- Professor, Psychology
- Professor, Neuroscience
- Professor, Cognitive Neuroscience
Research Interests
- Behavioral and Neurobiological Mechanisms of Associative Learning
- Extinction Learning
- Reward Processing & Reward Prediction Error Circuits
- Interval Timing & Comparative Cognition
- Computational and Neural Net Models of Associative Learning
Education
- Ph.D., Dalhousie University
- Post-Doctoral Fellow, University of Pennsylvania
Contact
Affiliated Campus(es)
- Brooklyn College
My research focuses on investigations of the psychological and neurobiological foundations of simple forms of learning and decision-making, mostly with laboratory rodents. We ask how the rat learns to represent different aspects of reward (e.g., what it is, when it occurs, its value) and use that information to guide its behavior. One guiding principle is that different psychological and neurobiological systems underlie learning about different reward features, and we explore this using various sophisticated behavioral methods (e.g., reward devaluation, Pavlovian-to-instrumental transfer tasks) together with popular neurobiological techniques (DREADDs, local brain inactivation, lesion, protein expression).

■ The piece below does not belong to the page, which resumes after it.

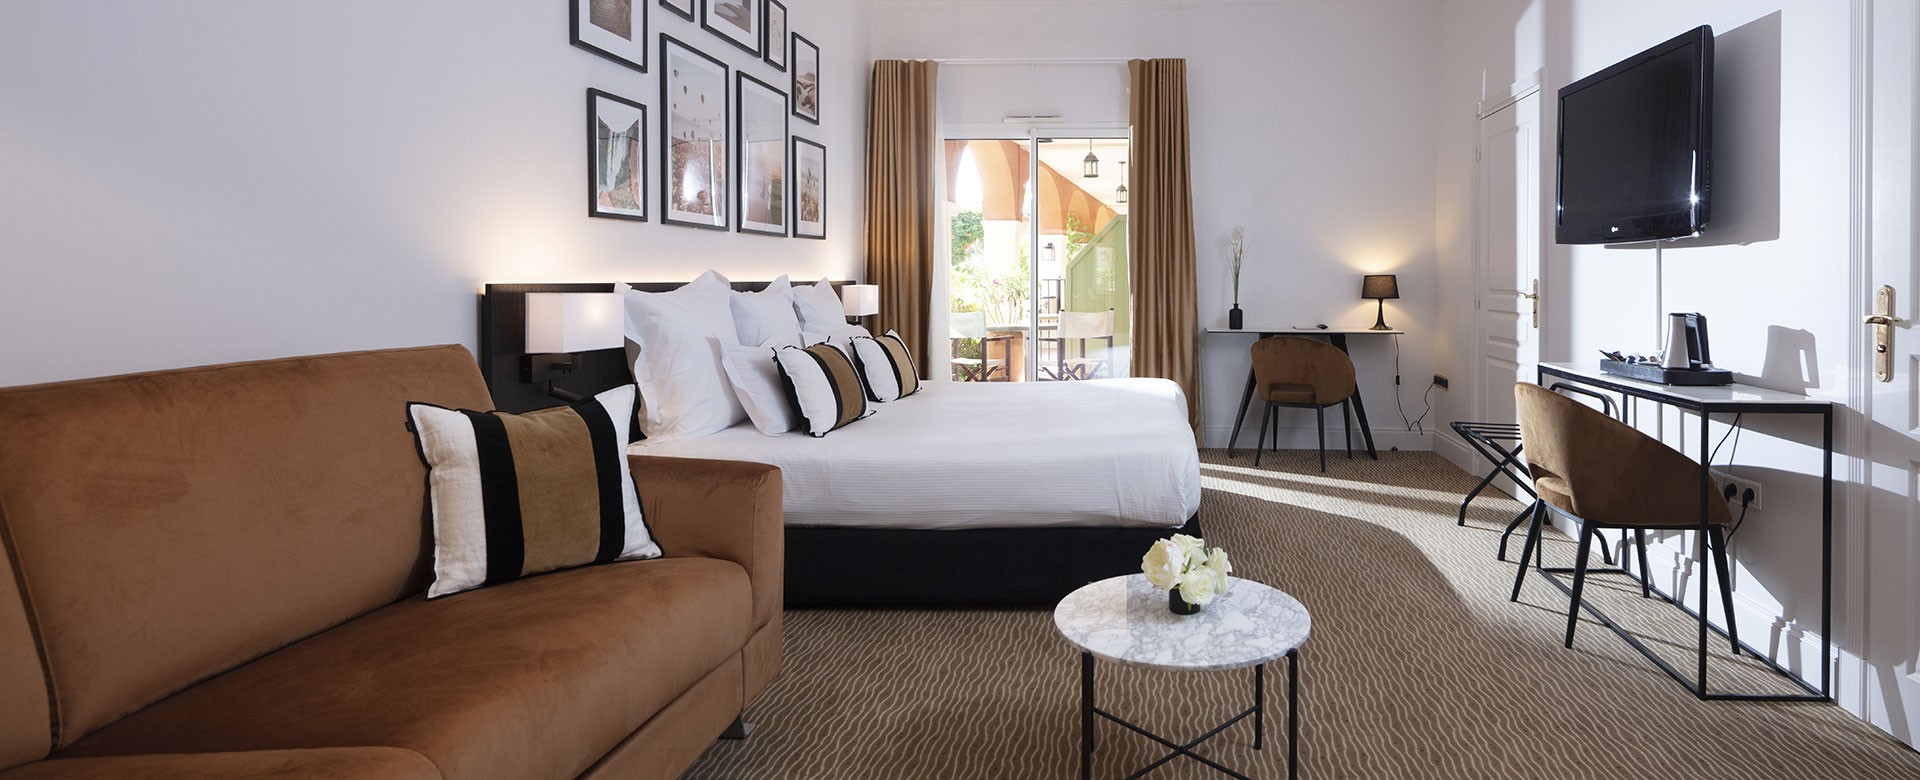 Junior Suite-Zimmer im Palmyra Golf, 4-Sterne-Hotel in Cap d’Agde, mit privater Terrasse

Some specific ongoing projects concern: distinguishing between reward identity and time encoding (with dorsal striatal and amygdala manipulations), investigating the mechanisms of goal-directed actions and habits, effects of extinction manipulations on reward identity, time, and value encoding in Pavlovian learning, extinction of conditioned flavor preference learning, connectionist network and experimental approaches to complex conditional discrimination learning and interval timing, human reaction time (RT) measures of associative priming.
I am currently the director of the CCP training program at CUNY and also participate as a faculty member in the CUNY Neuroscience Collaborative, have served as past president of the Eastern Psychological Association and the Pavlovian Society, and am the Editor of the Journal of Experimental Psychology: Animal Learning & Cognition.